To sum up, the following remarks can be made:

  • First of all, it is worthwhile mentioning the significance of classical paradoxes and their roles in the foundations of mathematics. Russell’s paradox and Church’s type theories are still the object of fruitful studies.

  • Nowadays there are two basic aspects that make the study of pure type systems appealing. The first one is related to mathematics and the second one, to theory of computation: Firstly, in recent decades type theories are being studied in connection to new areas of mathematics and more specifically to the foundations of mathematics, such as category theory or homotopy theory. In a wider sense, it is interesting to observe how some of the problems of generalised type theory are similar to classical problems of Frege’s logic and naïve set theory. Secondly, type theories as computing languages are the object of intensive research these days. Proof checkers, theorem provers and type checkers, tools within the field of automated reasoning, are founded on the principles of type theories. Turing incompleteness, that can sometimes be seen as a flaw, is revealed in other contexts as an advantage, since a Turing-incomplete type system is decidable. In this way, research on Coq or Agda relies on a heavy study on type theories, since they are decidably verifiable.

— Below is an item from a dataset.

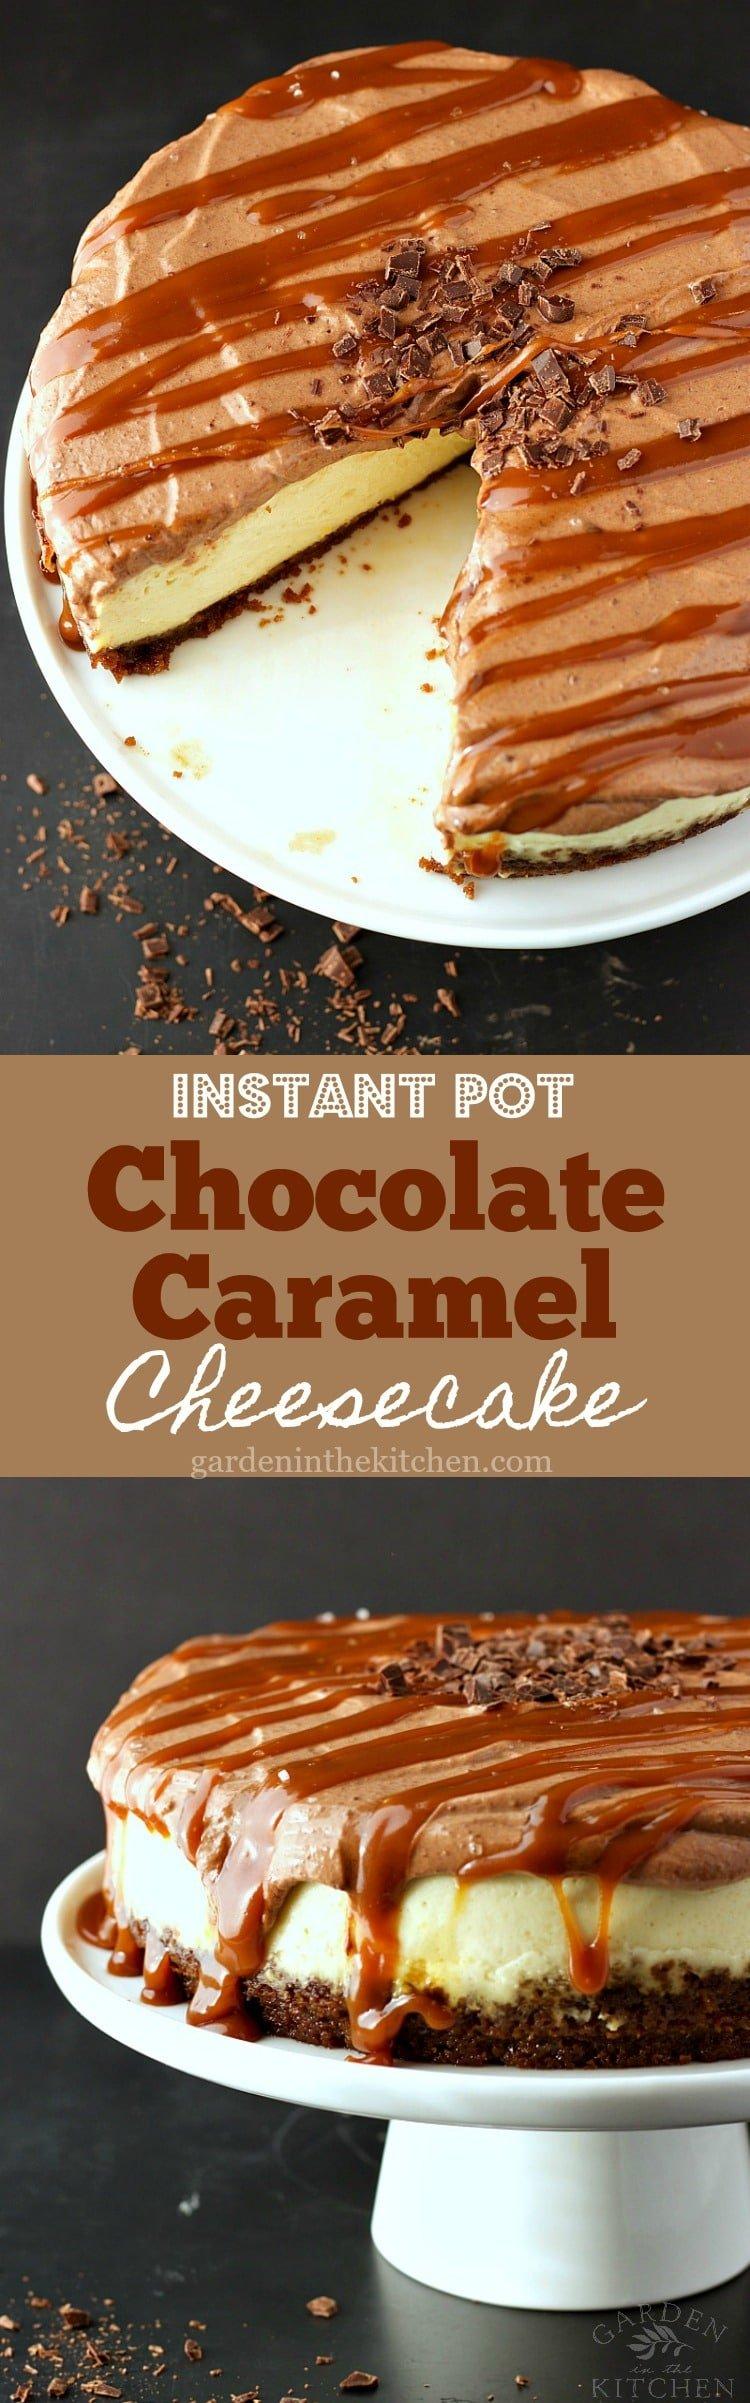 Instant Pot Chocolate Caramel Cheesecake | Garden in the Kitchen
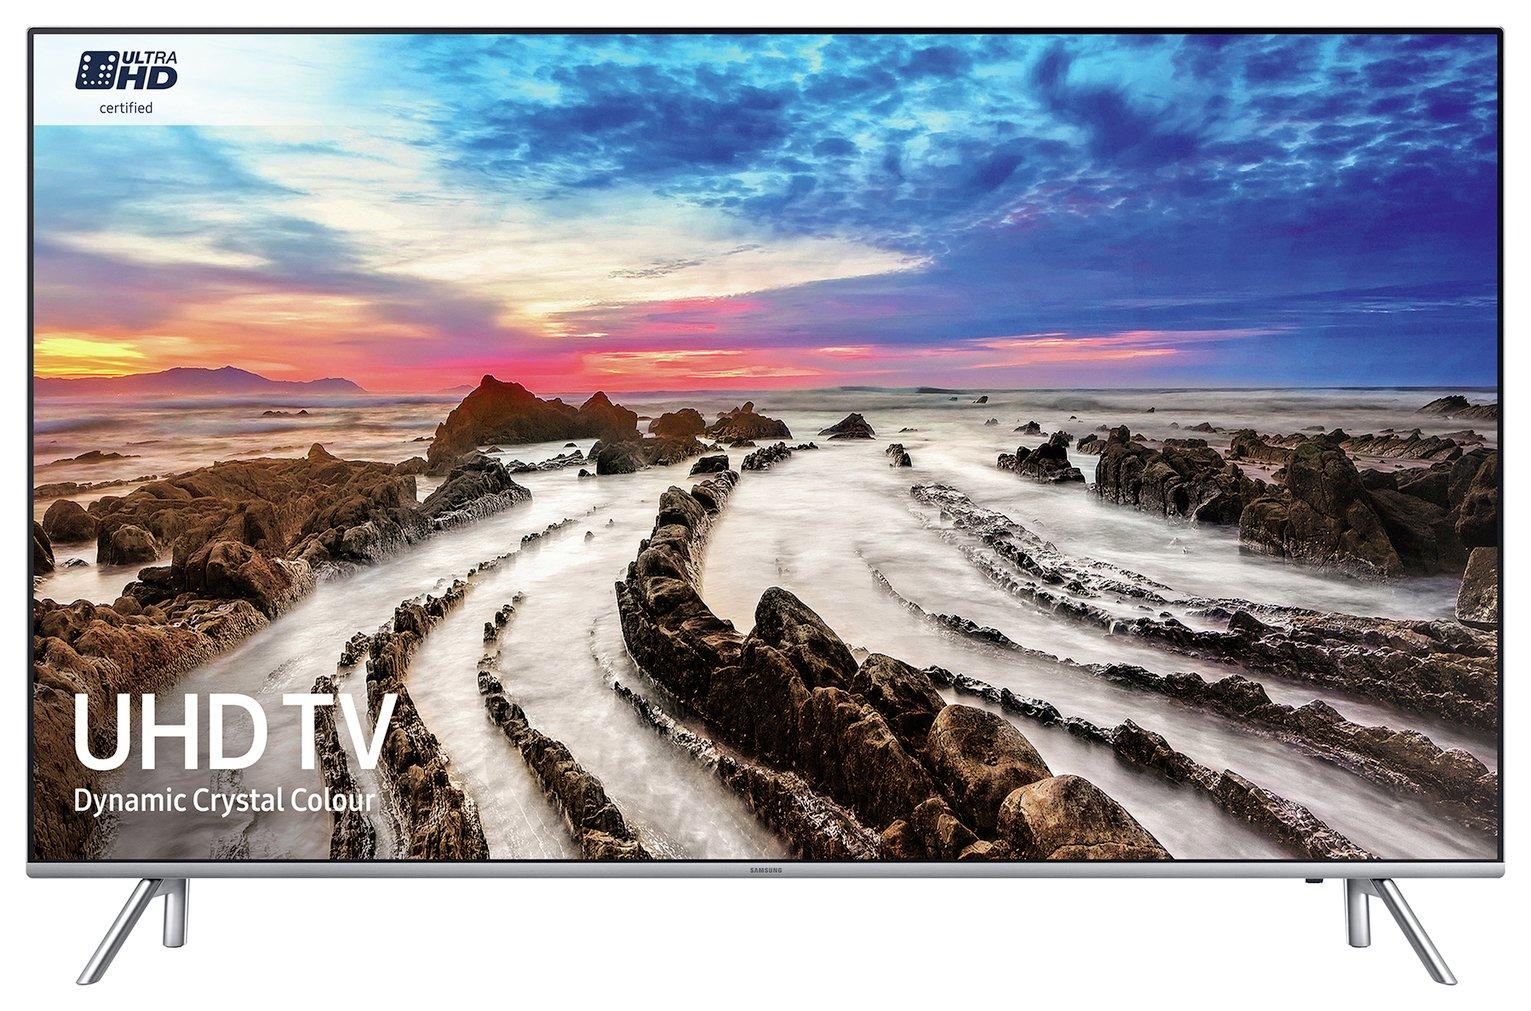 Samsung Samsung 49 Inch 49MU7000 Smart 4K UHD TV with HDR1000

A few closing remarks can be made in a more general style. It can be useful to see how, instead of a single logical theory, a plurality of logical systems have emerged, giving new stimulus to the renewal of logical studies. Type theories were initially created as a response to the paradoxes of naïve set theory. This connection has never been lost, since several contemporary authors still study these theories as an alternative basis for the foundations of mathematics. Although the desire of a lingua universalis, a logical language able to verily code the structure of reality, still persists (Cfr. Granström 2011), the current direction points to a different goal. Instead of a global logical system, we can conceive several frames with invariances between them in which several logical theories can be developed (Cfr. Bell 1986). The question is not which logic is the real one, but which one we desire to use for the purposes of our research, because each type theory and more broadly each logical system has its own advantages and weaknesses and there is no system that can comprise all desired logical properties into a global, unified theory.